Tambem tive problemas no emissor, por ter entrado agua nele, agora acho que tenho o RS ideal enviei mail do meu trabalho e em 5 minutos, determinaram enviarem-me outro na garantia a custo zero, que chegou dali a 4 dias


----------



## MeteoAlentejo (27 Jan 2012 às 20:25)

mandei o email esta tarde a dizer o que se passava , mas não me reponderam, mandei para o departamento técnico.
como fazes para não utilizar o painel?
tapas-o?


----------



## filipe cunha (27 Jan 2012 às 20:42)

MeteoAlentejo disse:


> mandei o email esta tarde a dizer o que se passava , mas não me reponderam, mandei para o departamento técnico.
> como fazes para não utilizar o painel?
> tapas-o?




Acho que é a ficha do pluviometro que vai ao painel e a ficha do painel vai ao emissor.
Liguei a ficha do pluviometro directo ao emissor, como as versões anteriores da PCE e primas parecidas, que vinham sem painel


----------



## MeteoAlentejo (27 Jan 2012 às 20:45)

ok ok, amanhã vou tentar isso também.


----------



## MeteoAlentejo (28 Jan 2012 às 11:15)

já coloquei novas pilhas alcalinas.
o emissor acende a luz vermelha, mas o consola não apanhas sinal nenhum.
está completamente morta


----------



## Mário Barros (28 Jan 2012 às 11:58)

MeteoAlentejo disse:


> já coloquei novas pilhas alcalinas.
> o emissor acende a luz vermelha, mas o consola não apanhas sinal nenhum.
> está completamente morta



Cá pra mim tens a consola muito longe da instrumentação.


----------



## filipe cunha (28 Jan 2012 às 12:51)

MeteoAlentejo disse:


> já coloquei novas pilhas alcalinas.
> o emissor acende a luz vermelha, mas o consola não apanhas sinal nenhum.
> está completamente morta



Mas não tem qualquer visualização? ou tens as pilhas ao contrário?


----------



## MeteoAlentejo (28 Jan 2012 às 14:39)

tenho a consola mesmo junto á estação.
mas a consola não mostra dados nenhuns do emissor, nem chuva, nem vento, nem temperaturas.
só mostra os dados interiores e a pressão.


----------



## ALBIMETEO (28 Jan 2012 às 14:49)

MeteoAlentejo disse:


> já coloquei novas pilhas alcalinas.
> o emissor acende a luz vermelha, mas o consola não apanhas sinal nenhum.
> está completamente morta



Se a estação está morta,vamos ter que fazer o funeral e enterrar .


----------



## MeteoAlentejo (28 Jan 2012 às 14:51)

não sei mesmo o que passa.
já fiz de tudo, mas não apanha o sinal


----------



## SpiderVV (28 Jan 2012 às 14:56)

MeteoAlentejo disse:


> tenho a consola mesmo junto á estação.
> mas a consola não mostra dados nenhuns do emissor, nem chuva, nem vento, nem temperaturas.
> só mostra os dados interiores e a pressão.

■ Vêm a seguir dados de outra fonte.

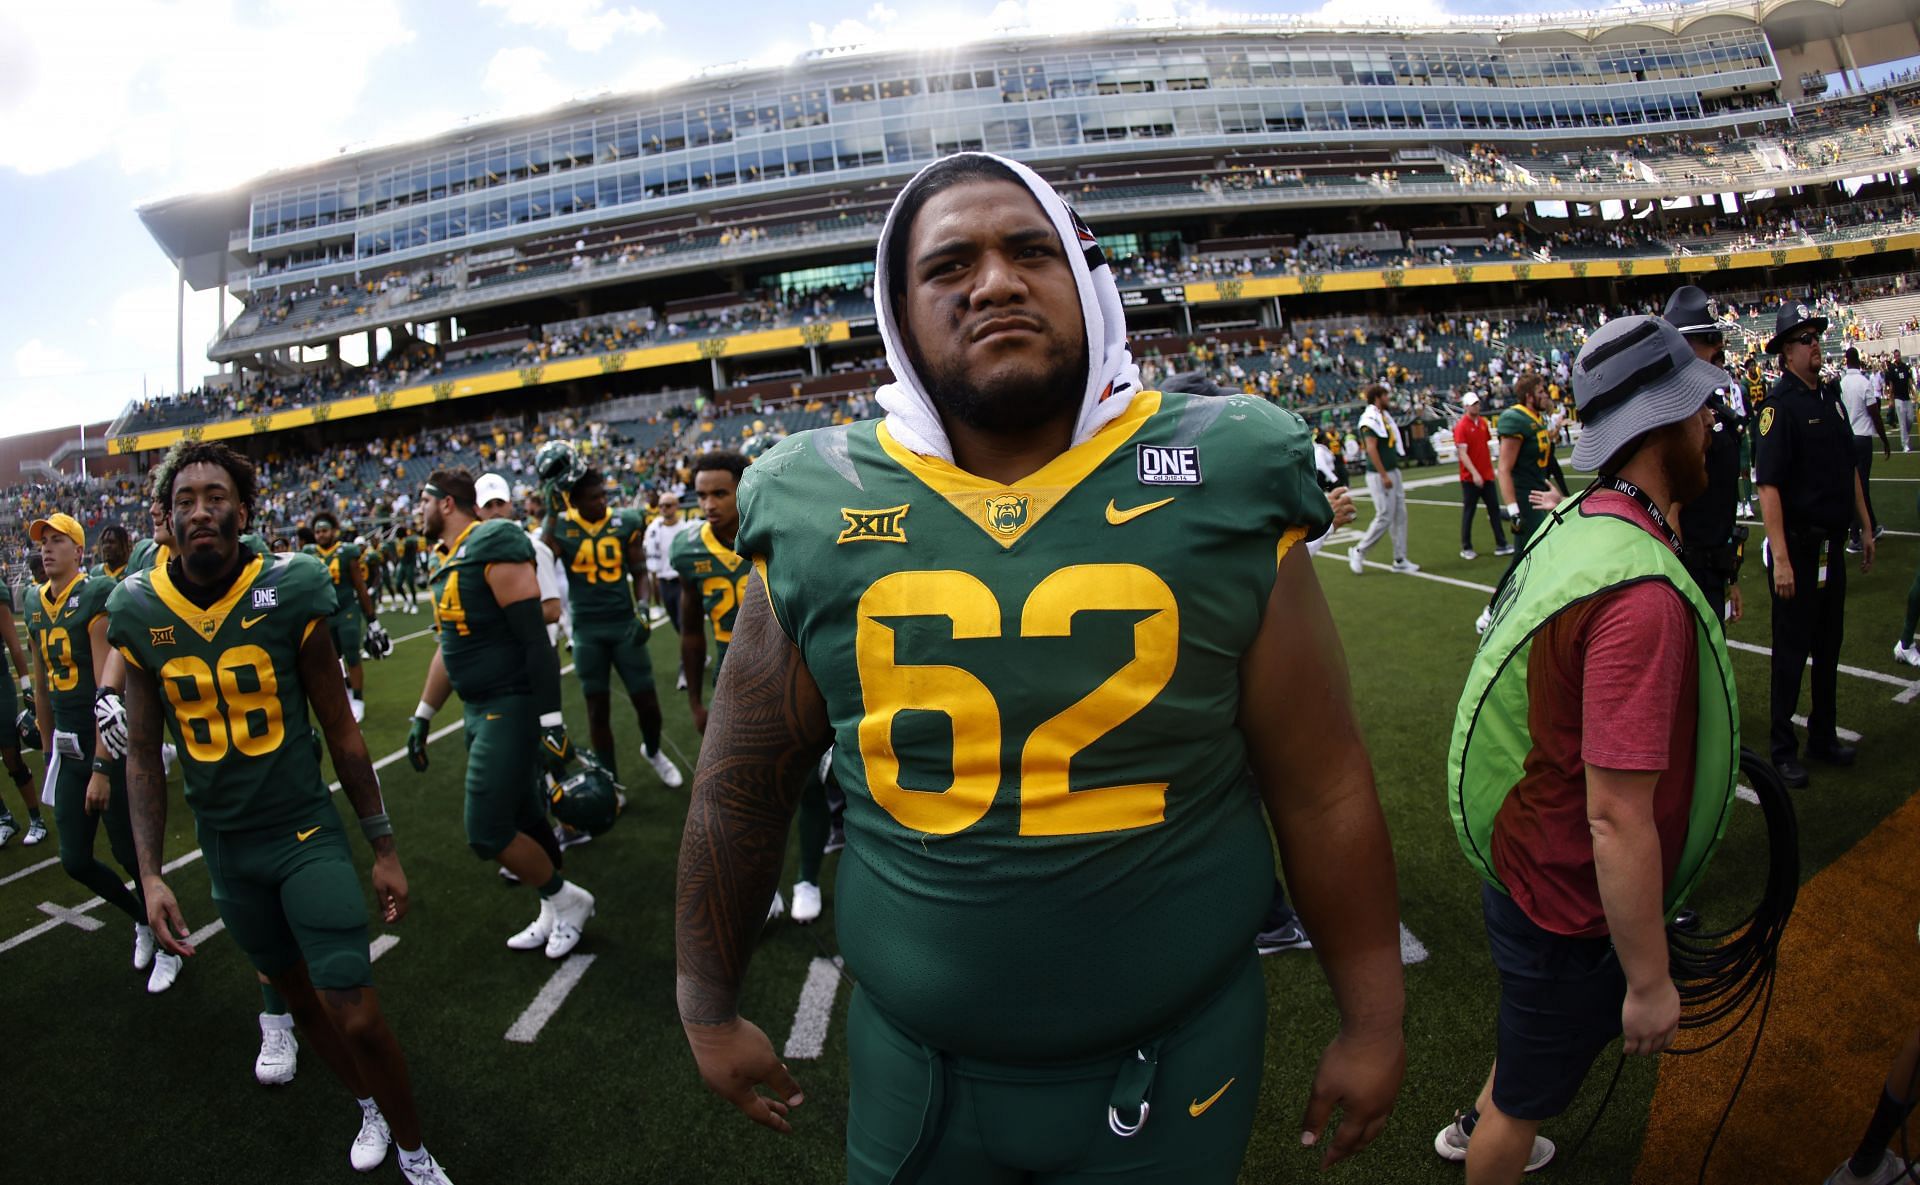 Siaki Ika #62 of the Baylor Bears walks off the field following Baylors 42-7 win over Texas State

Tira as pilhas à consola e mete-as de novo.


----------



## Geiras (28 Jan 2012 às 14:57)

Só problemas...
Essa estação não deverá durar mais que um verão, não vai resistir ao inferno de Verão de Serpa...


----------



## amando96 (28 Jan 2012 às 15:00)

Geiras disse:


> Só problemas...
> Essa estação não deverá durar mais que um verão, não vai resistir ao inferno de Verão de Serpa...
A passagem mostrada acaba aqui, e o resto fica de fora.